听聞狩陽帝從終南山新尋來一位高人,不但能點石成金,操控風雨, 甚至還能逆天改命。

傳聞高人修習了長生不老之術, 如今三百歲了, 還是如年輕人一般俊美。

狩陽帝大喜,將其封為護國大國師,衣食住行皆比肩太子, 一時間風頭無兩、榮寵非凡。

民間傳聞,往往更加邪乎,一個傳一個亂了套, 有說大國師是天神下凡,已經活了一萬八千歲;還有說國師是金龍化人, 來庇佑大梁。

六月二十四,是慕容澹十八歲生辰。

晉陽正值初夏, 夏光爛漫, 風暢日和。

慕容澹還未出現,設宴的湖心亭就已經賓客攘攘,錦衣華服,香風涌動, 互相寒暄著。

太子知道慕容澹不喜他,今兒來也不是專門為慕容澹祝壽的,單純是來添堵的。

他拉著重臣們談笑風生,像是極為吃得開模樣。

一干大臣總覺得心里惶惶,畢竟涼州王生辰,他們跟太子談笑風生算怎麼回事?

但太子他們又惹不起,只能賠笑。

太子講個笑話,沒逗笑旁人,自己先哈哈大笑,他們又不能放著太子尷尬,便一起干笑,場面看起來荒唐極了。

眾人不斷將目光瞥向身著白衣,遺世獨立的虞寄白,想上前搭訕,卻又礙于他那一身清高縹緲的氣質踟躕,最後只好遠觀。

虞寄白閉著眸,難得沉默寡言。

沈之昂看他,嗤笑一聲,平日里沒見這麼端方,這人倒是慣會做戲的,糊弄人一套一套的。

慕容澹正在換衣裳,玄色的衣料,織就出並不明顯的暗紋,只有在陽光下才若隱若現流動,發絲細的金線在袖口衣領大片勾勒。極為低調華貴,也十分沉重。
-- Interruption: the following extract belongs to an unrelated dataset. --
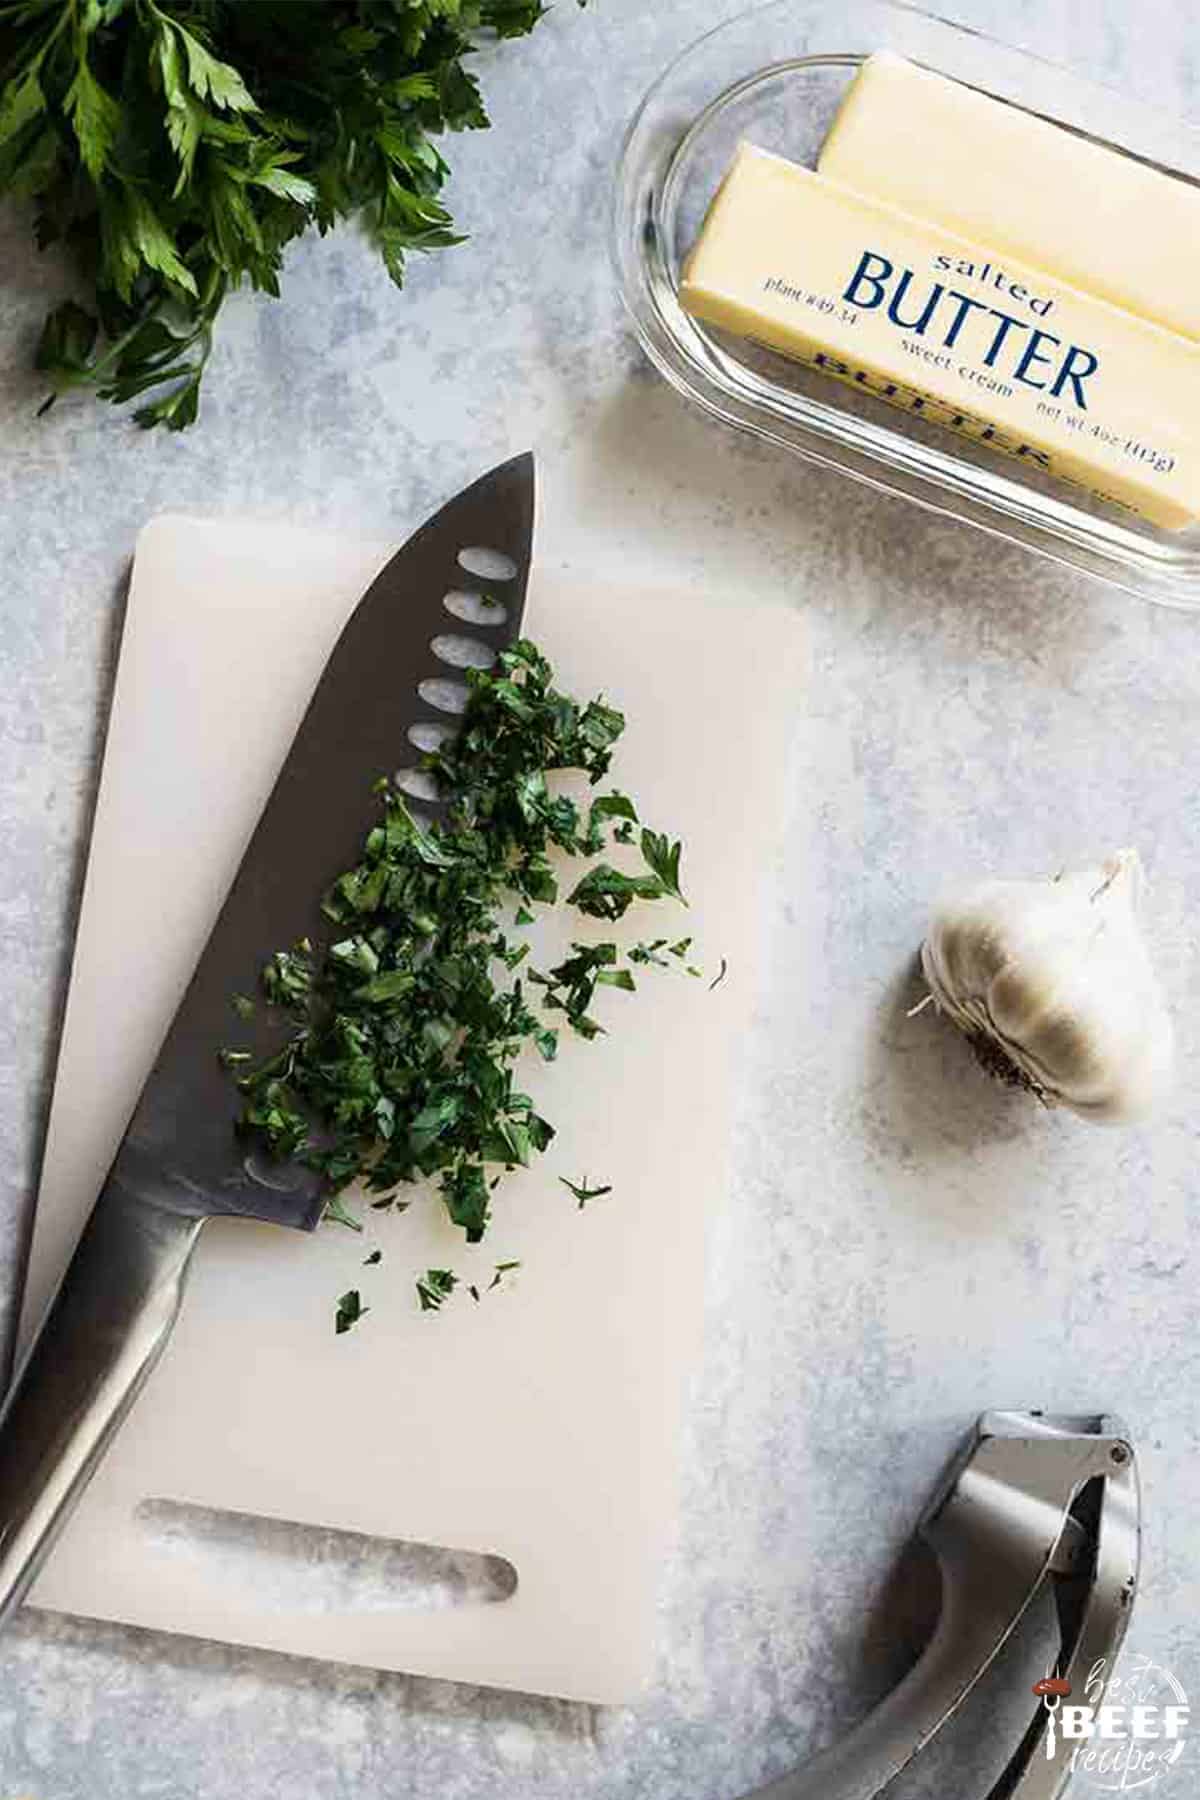 Chopping fresh herbs to make garlic butter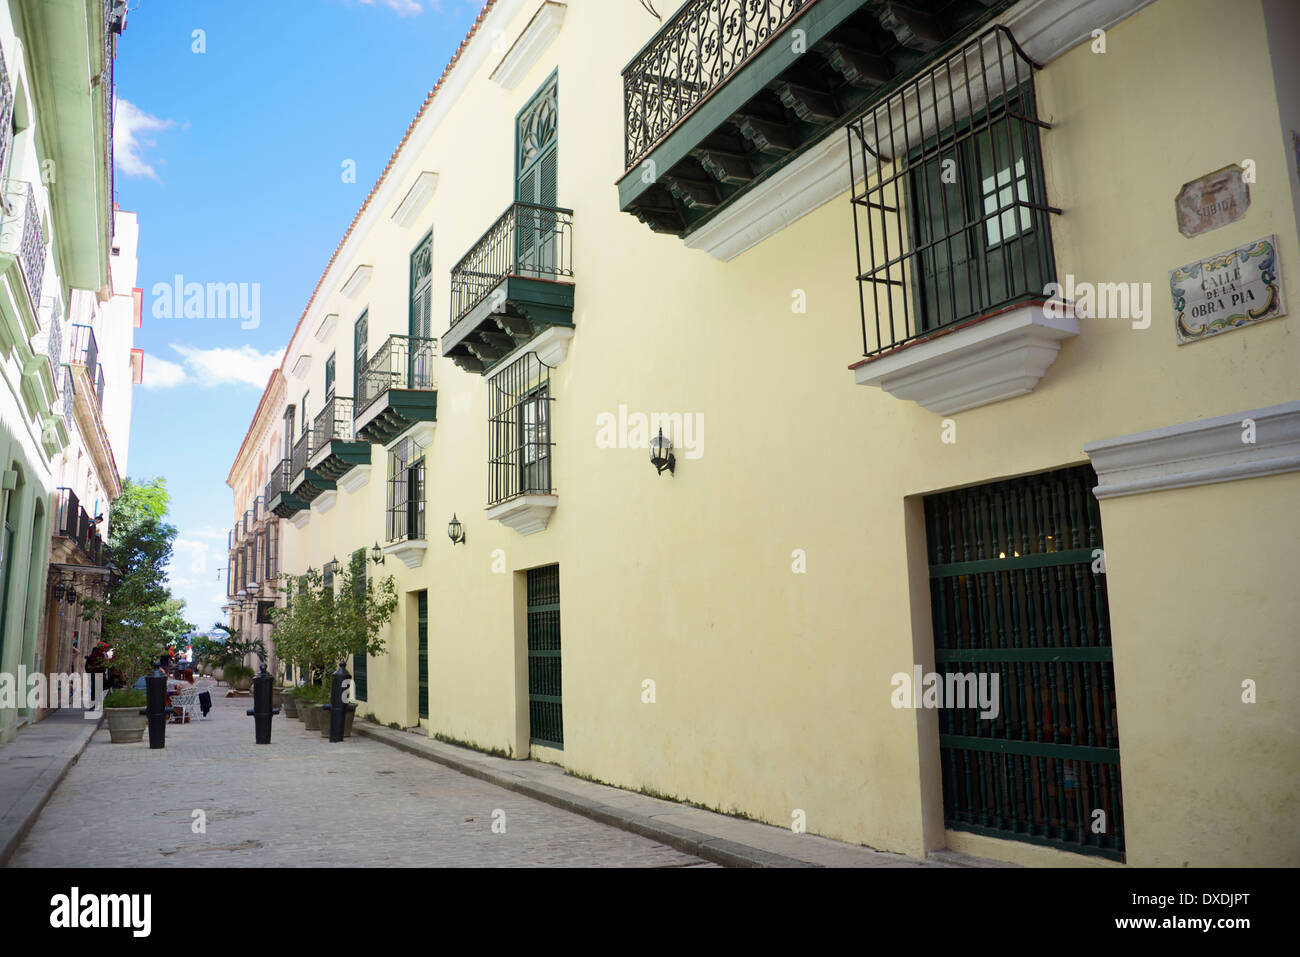 Typische Fußgängerzone Straße Calle De La Obra Pia Alt-Havanna Kuba Stockfoto

「殿下,各府的生辰賀禮都到了。」管家將整理好的名冊恭敬遞上去。

慕容澹沒看,隨手扔在桌上,「太尉府送的什麼?」

他倒是十分好奇,虞家給虞太尉送來的錢財珍寶都被他銷毀了,莊子產業也付

之一炬,虞太尉著急忙慌的把所有姬妾都賣出去湊嫁妝和聘禮,如今能舍得拿出什麼樣的生辰禮物給他。

管家嘴一抽,想起虞太尉送來的東西,「虞太尉送來一副字畫。」

「他自己畫的?」

「是。」

「丟人現眼。」慕容澹冷冷嘲了句,「真拿自己什麼上的了台面的東西了。」

管家也覺得虞太尉此舉摳搜的不行。但凡虞太尉是個赫赫有名的才子,字畫在晉陽里有些名氣也就罷了,但那拙劣的畫工,委實有些寒磣。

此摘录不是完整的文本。